In examining the international field alone, in one-year President Trump has successfully ruptured or at least shaken many relationships. It would not be an understatement to suggest that America’s European allies have been nonplussed at how the President has treated them, both nationally as well as their leaders individually. Were it not for the extremely effective global defense force, unified commands, and joint strategies the relationships would be in even worse shape. Trump may want our allies to pay more of the costs of defense and that appears to be moving slowing ahead. Fortunately, it has not affected force preparedness.

The President has curried favor and extended himself more with authoritarian Eastern European leaders than he has with America’s friends. The Chinese appear to be mystified with Trump’s conduct. The on-going love affair with the Russians takes the discussion to an entire other level.   Despite signing the sanctions bill into law which was to have taken effect yesterday, Trump once again concocted a new rationalization as to why he should not implement it against the Russians.   This despite the fact that Putin should be taken to task for his persistent violations of foreign military arms sales. 

As a result of his continuing bullying of North Korea, Trump now has lost Victor Cha as his proposed nominee to be the new Ambassador to Seoul.

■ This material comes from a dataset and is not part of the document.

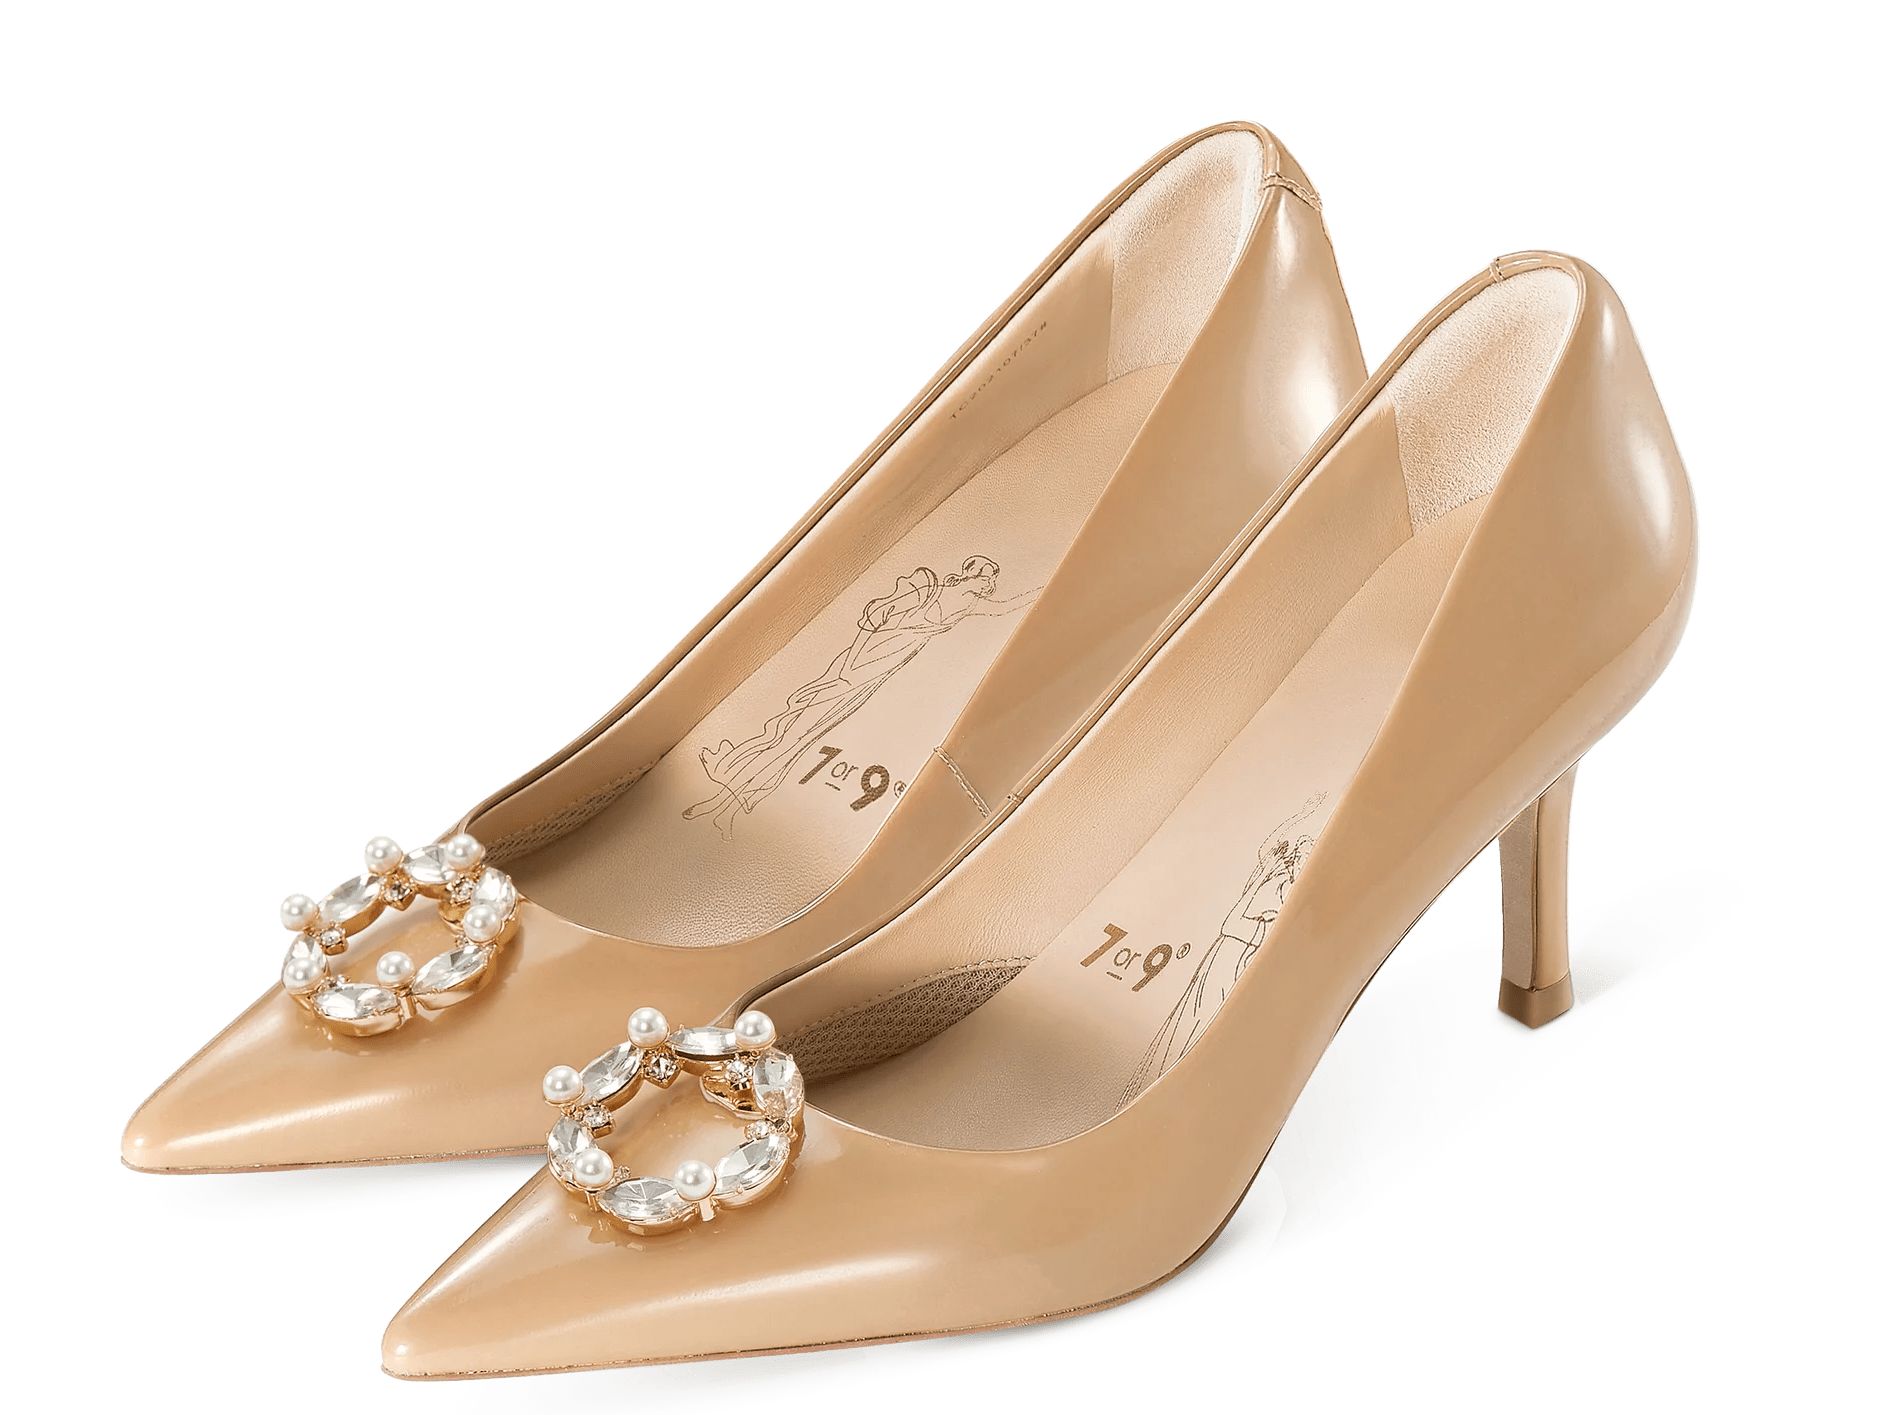 Comfort Heels for Women: How to Choose the Perfect Pair - 7or9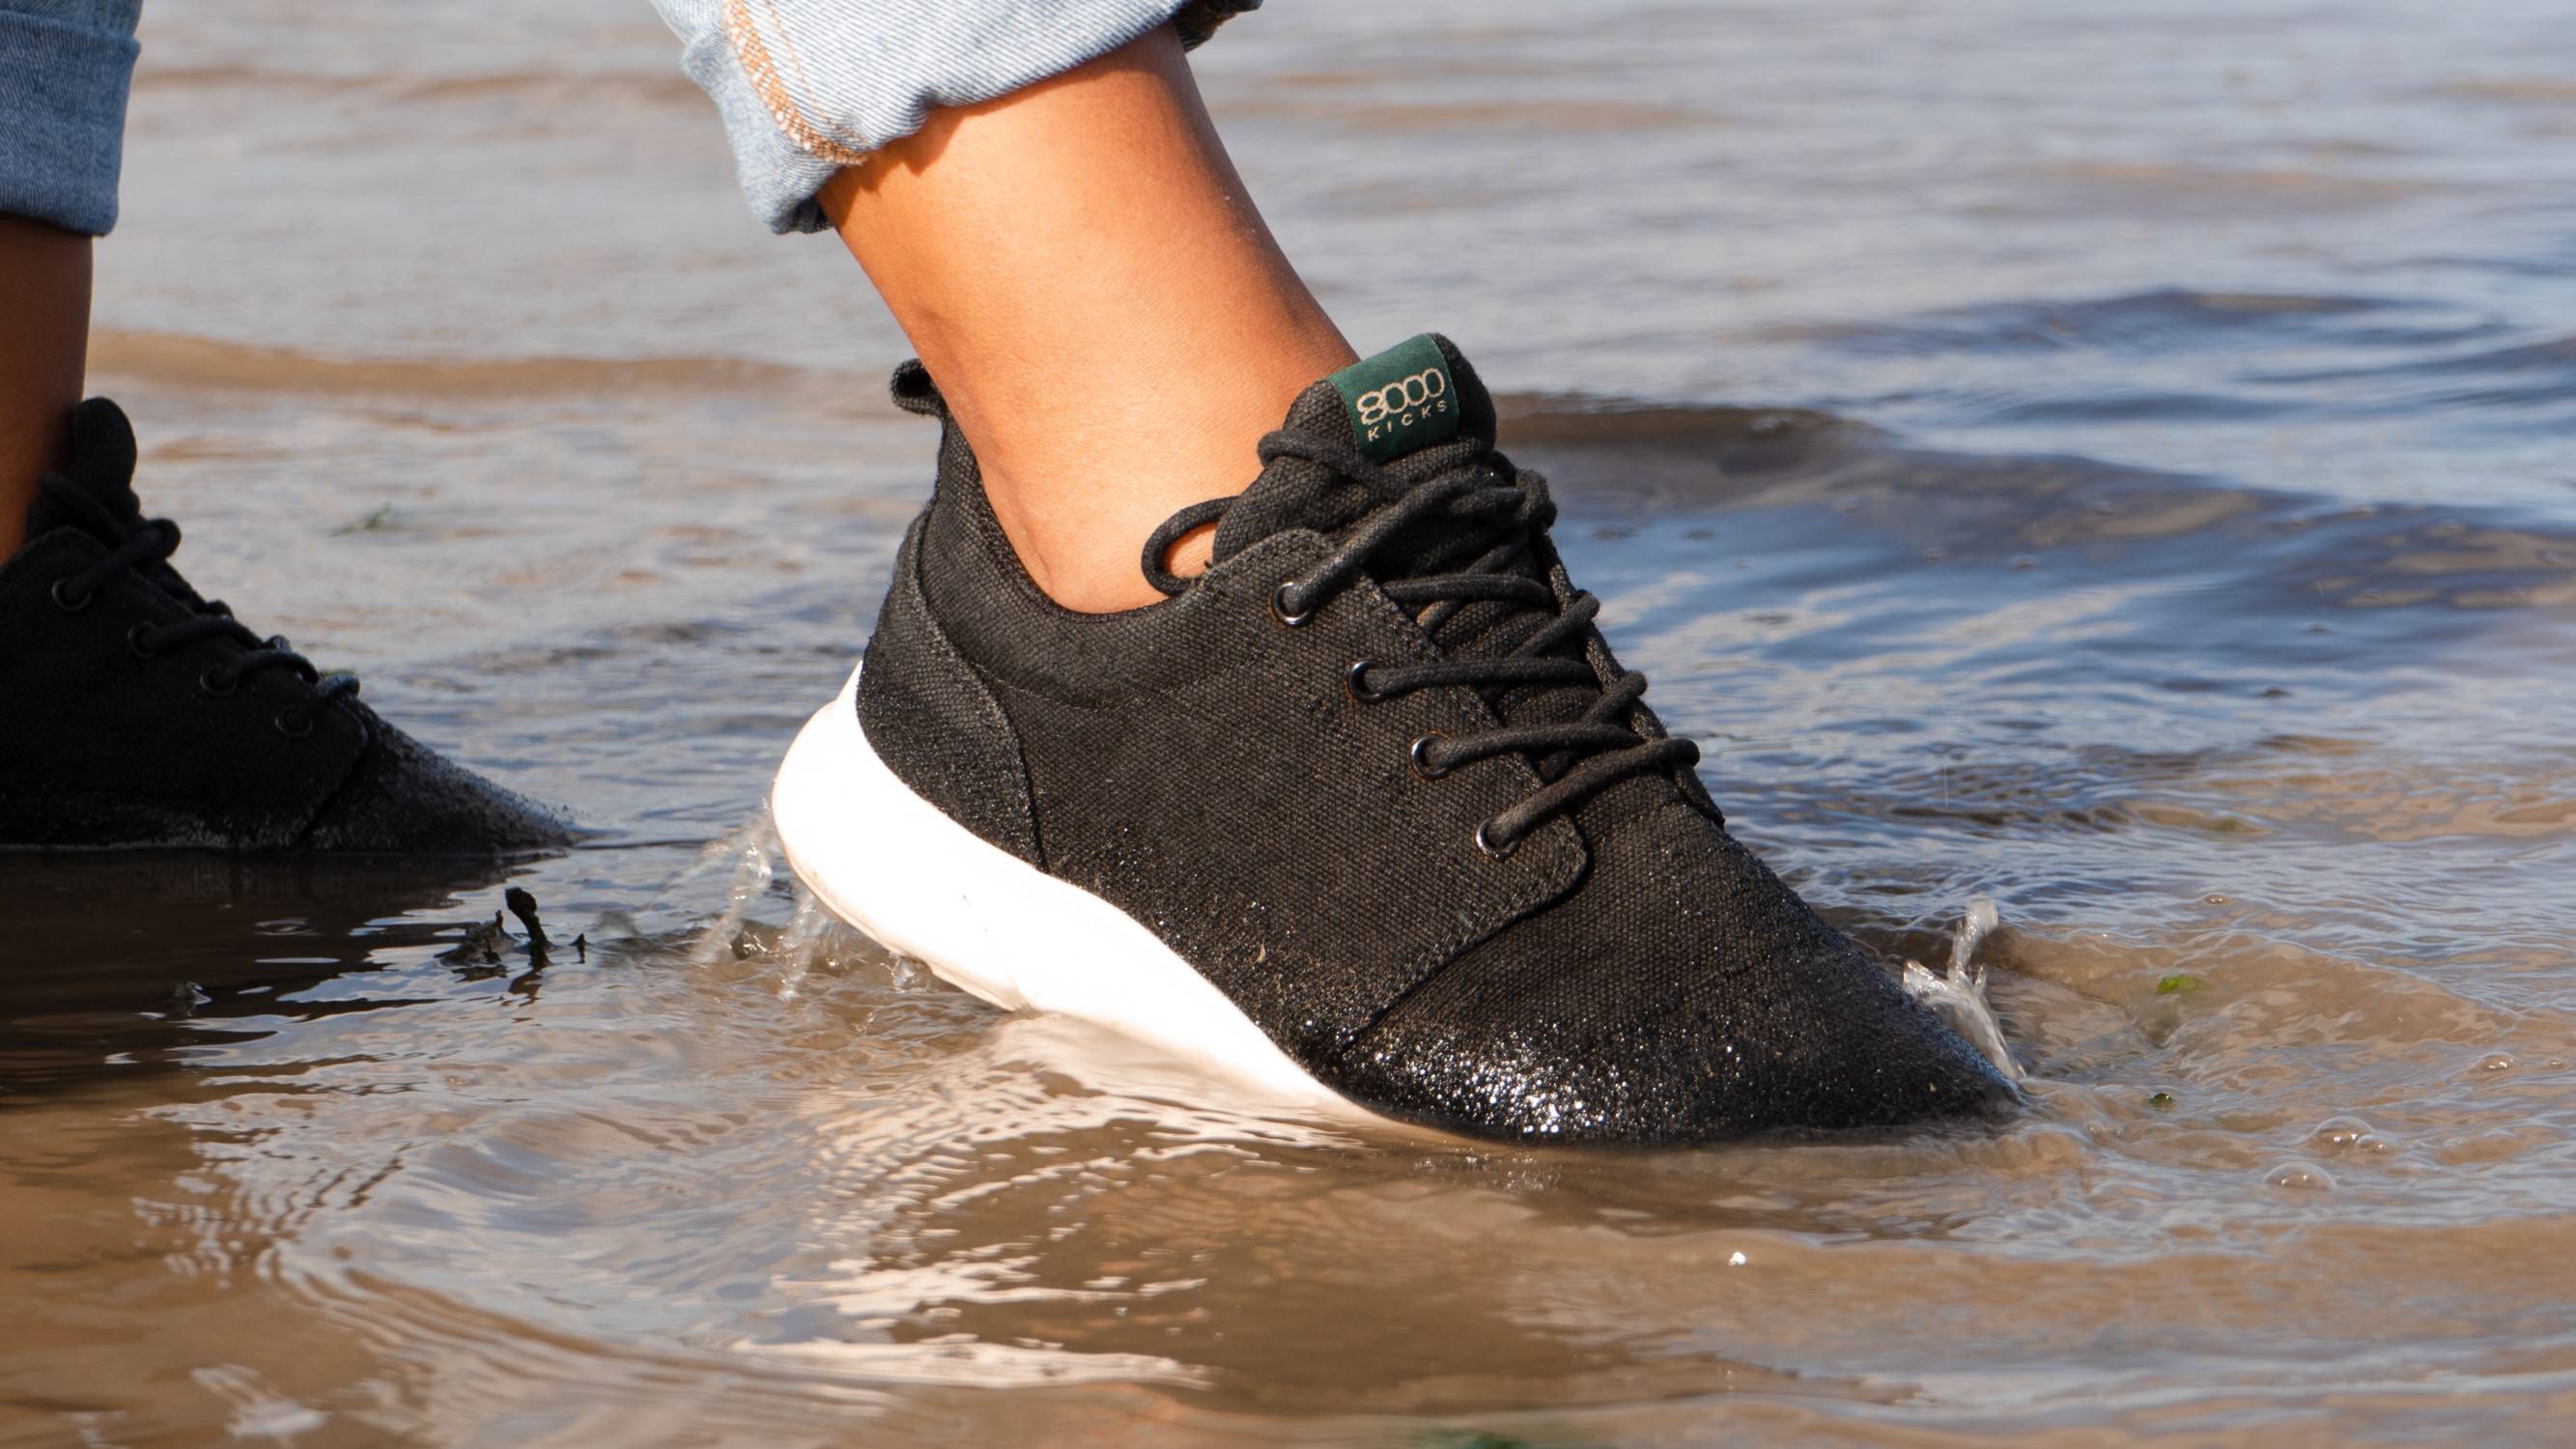 Vegan and water repellant: person standing in water with their water repellant shoes

The President will accept increased sanctions on North Korea as well as Iran but Russia—the real culprit—continues to run free. (The truly astonishing observation–leaving aside the Russia investigation—is that it was always the Republicans who had been the proponents of a hard line policy against Russia.)

At the global level, Trump removed the United States from the Trans-Pacific Partnership and he is seeking to renegotiate all or part of the NAFTA agreement before considering whether to extend it. He also withdrew the U.S. from the Paris Climate Change Agreement.

It is not clear to what extent radical Islam has been curtailed in the Middle East or may be taking a hiatus. The battles in Yemen and in Afghanistan continue. Pakistan seems to be eerily calm at the moment. Syria continues to be in turmoil but Trump has permitted Putin to reign supreme there. This in fact might be the only issue Netanyahu might have with the President, although Trump may well have given the Israelis virtual carte blanche to respond to any Syrian/Iranian threat; assuming that the Russians will not be directly involved. 

There was a time where foreign powers listened very closely to see if the President mentioned them in the State of the Union Address.  It is quite likely that President Trump will only boast about how he wowed the world once again at Davos, and leave out any discussion of America’s friends and enemies out of his speech.

So, barring a surprise, listening to the President is unlikely to signal anything new.